Closed zhangfeiyu5610 closed 1 month ago
Please follow the template to share your reproduced steps.
first, i build the llama-7b model follow this ''' python convert_checkpoint.py --model_dirllama_7B-hf \ --output_dir checkpoint_trt/llama_7B-hf \ --dtype float16
trtllm-build --checkpoint_dir checkpoint_trt/llama_7B-hf \
--output_dir /data/uclai/trt_models/llama_7B-hf \
--gemm_plugin float16 \
--streamingllm enable
'''
then i try to use model to generate tokens follow this
'''
python3 ../run.py --max_output_len=50 \
--tokenizer_dir llama_7B-hf \
--engine_dir=/data/uclai/trt_models/llama_7B-hf \
--max_attention_window_size=2048 \
--sink_token_length=4
'''
result as
'''
Input [Text 0]: " Born in north-east France, Soyer trained as a"

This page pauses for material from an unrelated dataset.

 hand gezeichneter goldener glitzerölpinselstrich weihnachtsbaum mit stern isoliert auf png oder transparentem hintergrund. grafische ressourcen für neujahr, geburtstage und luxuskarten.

Output [Text 0 Beam 0]: len(output_text)=186
"chef in Paris and London before moving to New York in 1850. He was the first chef to be hired by the newly opened Delmonico’s restaurant, where he worked for 10 years. He then opened his"
'''
The result is normal,but when i try to generate more tokens by streamllm follow this
'''
python3 ../run.py --max_output_len=4096 \
--tokenizer_dir llama_7B-hf \
--engine_dir=/data/uclai/trt_models/llama_7B-hf \
--max_attention_window_size=2048 \
--sink_token_length=4
'''
error as:
'''
Traceback (most recent call last):
File "tensorrt_llm/v0.8.0/examples/seq_monkey/../run.py", line 565, in
Your output sequence length during running run.py is larger than the max sequence length of engine (it should be set as 2048 by default).
How should I cancel the length limit of this engine, because I want to generate length as long as possible through streamingllm
You should set the max input length durgin building engine.

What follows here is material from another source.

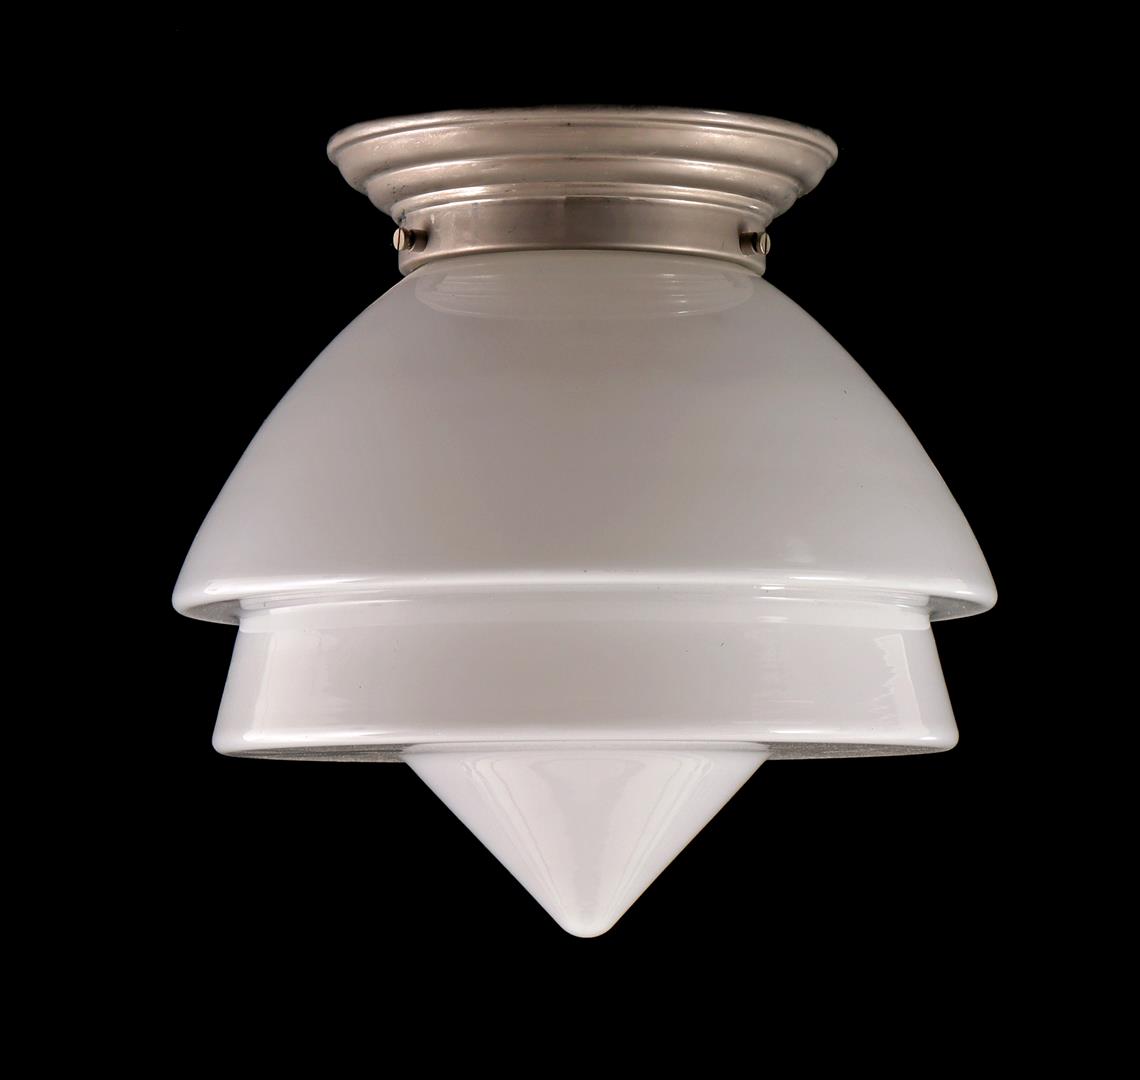 Gispen ceiling lamp

When I experiment with streamingllm in llama with this (https://github.com/NVIDIA/TensorRT-LLM/tree/main/examples/llama#run-llama-with-streamingllm), i wonder why always report length-related errors。when i run the run.py script,if i set max_seq_len longer than model_config.max_seq_len,error follows as: ''' Traceback (most recent call last): File "tensorrt_llm/v0.8.0/examples/seq_monkey/../run.py", line 565, in
main(args)
File "tensorrt_llm/v0.8.0/examples/seq_monkey/../run.py", line 414, in main
runner = runner_cls.from_dir(**runner_kwargs)
File "/usr/local/lib/python3.10/dist-packages/tensorrt_llm/runtime/model_runner_cpp.py", line 168, in from_dir
assert max_seq_len <= model_config.max_seq_len
AssertionError
'''
i dont know how streamingllm works, how can i fix it?